All,
Below is my current code for handling a DS18B20 via an Arduino Uno. I admit that this is pretty low-level code; I really enjoy taking common chunks of code and distilling them down to their bare essentials and getting the sketch size uber compact so they can run on a much smaller uC. For some reason I can't get millis to return a non-zero value to me right now (been over a year since I coded Arduino so I'm probably screwing something simple up) but I know that a 12-bit temperature conversion takes WAY less than 750ms; it is more like 200ish ms. I plan on adding a bit of code so I can change the resolution of temperature measurements downward if less precision is needed.
Sketch size: 1,054 bytes || SRAM usage: 74 bytes
// Solder-free method of detecting the ROM of a DS18B20 - spread the 3 legs of the sensor wide enough to fit into GND, 13, and 12
// and place the sensor in these pins with the flat side facing the LED on the Uno and the round side facing away from the Uno.

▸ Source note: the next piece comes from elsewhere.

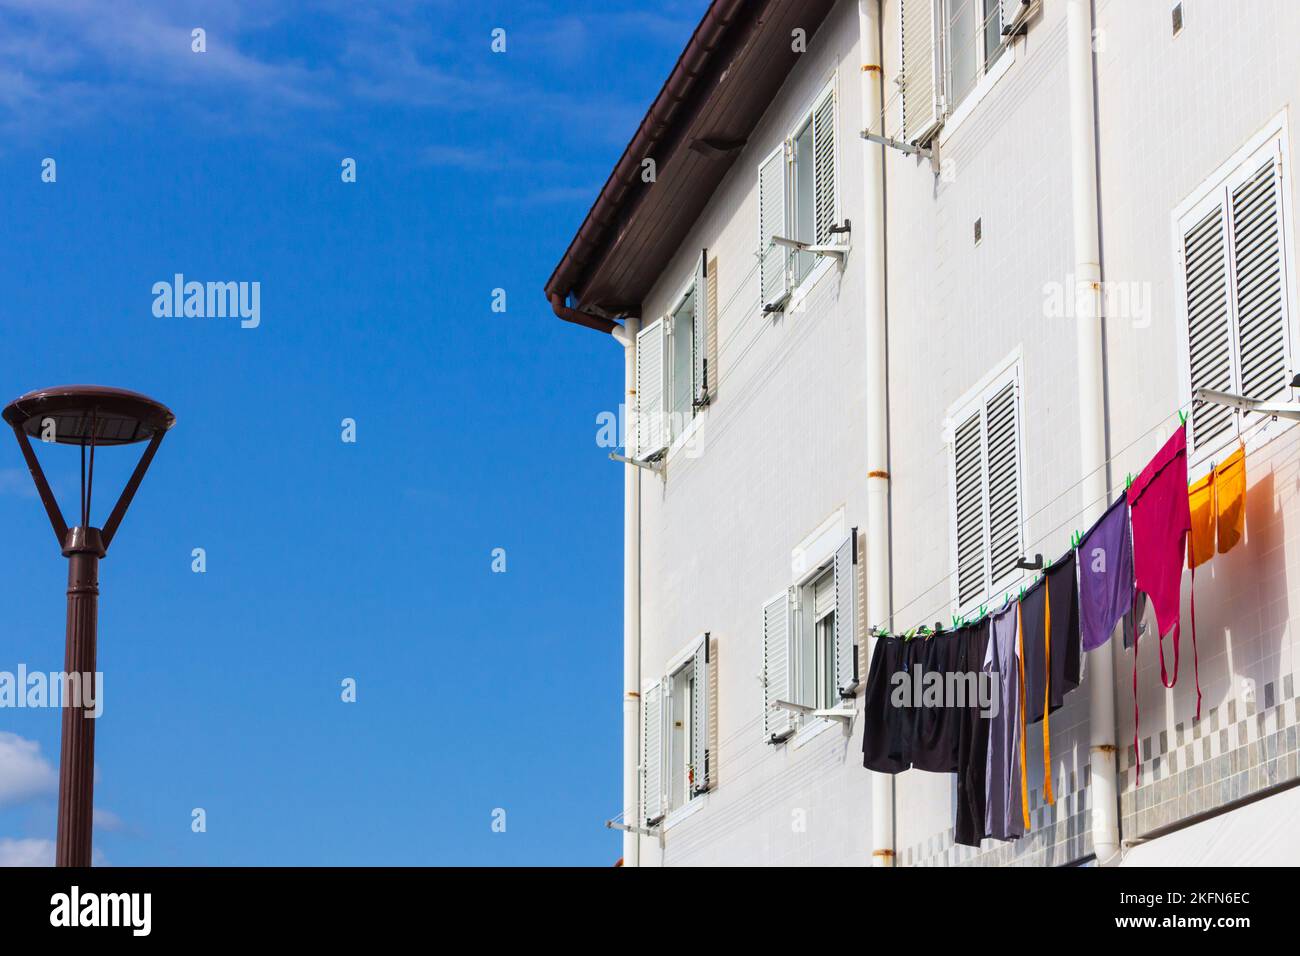 Séchage de vêtements à l'extérieur de la maison avec lanterne de rue au Portugal. Ouvrez la fenêtre et séchez le linge. Maison traditionnelle au Portugal, Lisbonne. Concept de blanchisserie Banque D'Images

// Then upload and open a serial monitor with a baud rate of 9600. No resistor is needed using this method.
#include <util/delay.h>
// ====================================================== Pre-Compiler Definitions ======================================================
// Direct port manipulation needed to conduct the OneWire bus
#define PowerPin PB4 // Pin 12 - we will be using this pin to supply Vcc to the DS18B20
#define POWER_TEMP_PROBE PORTB |= _BV(PowerPin) // Define method for powering the DB18B20
#define DEPOWER_TEMP_PROBE PORTB &= ~_BV(PowerPin) // Define method for depowering the DB18B20
#define Pin PB5 // Set up pin 13 as the data pin
#define DIRECT_MODE_OUTPUT DDRB |= _BV(Pin) // Much faster and smaller version of pinMode(Pin, OUTPUT)
#define DIRECT_MODE_INPUT DDRB &= ~_BV(Pin) // Much faster and smaller version of pinMode(Pin, INPUT)
#define DIRECT_WRITE_HIGH PORTB |= _BV(Pin) // Much faster and smaller version of digitalWrite(Pin, HIGH)
#define DIRECT_WRITE_LOW PORTB &= ~_BV(Pin) // Much faster and smaller version of digitalWrite(Pin, LOW)
#define DIRECT_READ PINB & _BV(Pin) ? 1 : 0 // One line if else statement using the format [test ? true return : false return]
// Delay values needed for conducting a OneWire bus
#define clk_div 1 // This code assumes a processor frequency of 16MHz but this can be lowered as long as clk_div is updated
#define DELAY_A 6/clk_div // Delay values obtained from http://www.maximintegrated.com/app-notes/index.mvp/id/126
#define DELAY_B 64/clk_div
#define DELAY_C 60/clk_div
#define DELAY_D 10/clk_div
#define DELAY_E 9/clk_div
#define DELAY_F 55/clk_div
#define DELAY_G 0/clk_div
#define DELAY_H 480/clk_div
#define DELAY_I 72/clk_div
#define DELAY_J 410/clk_div
// DS18B20 command codes
#define READROM 0x33 // Read the ROM of a OneWire device; there must only be one OneWire device on the bus!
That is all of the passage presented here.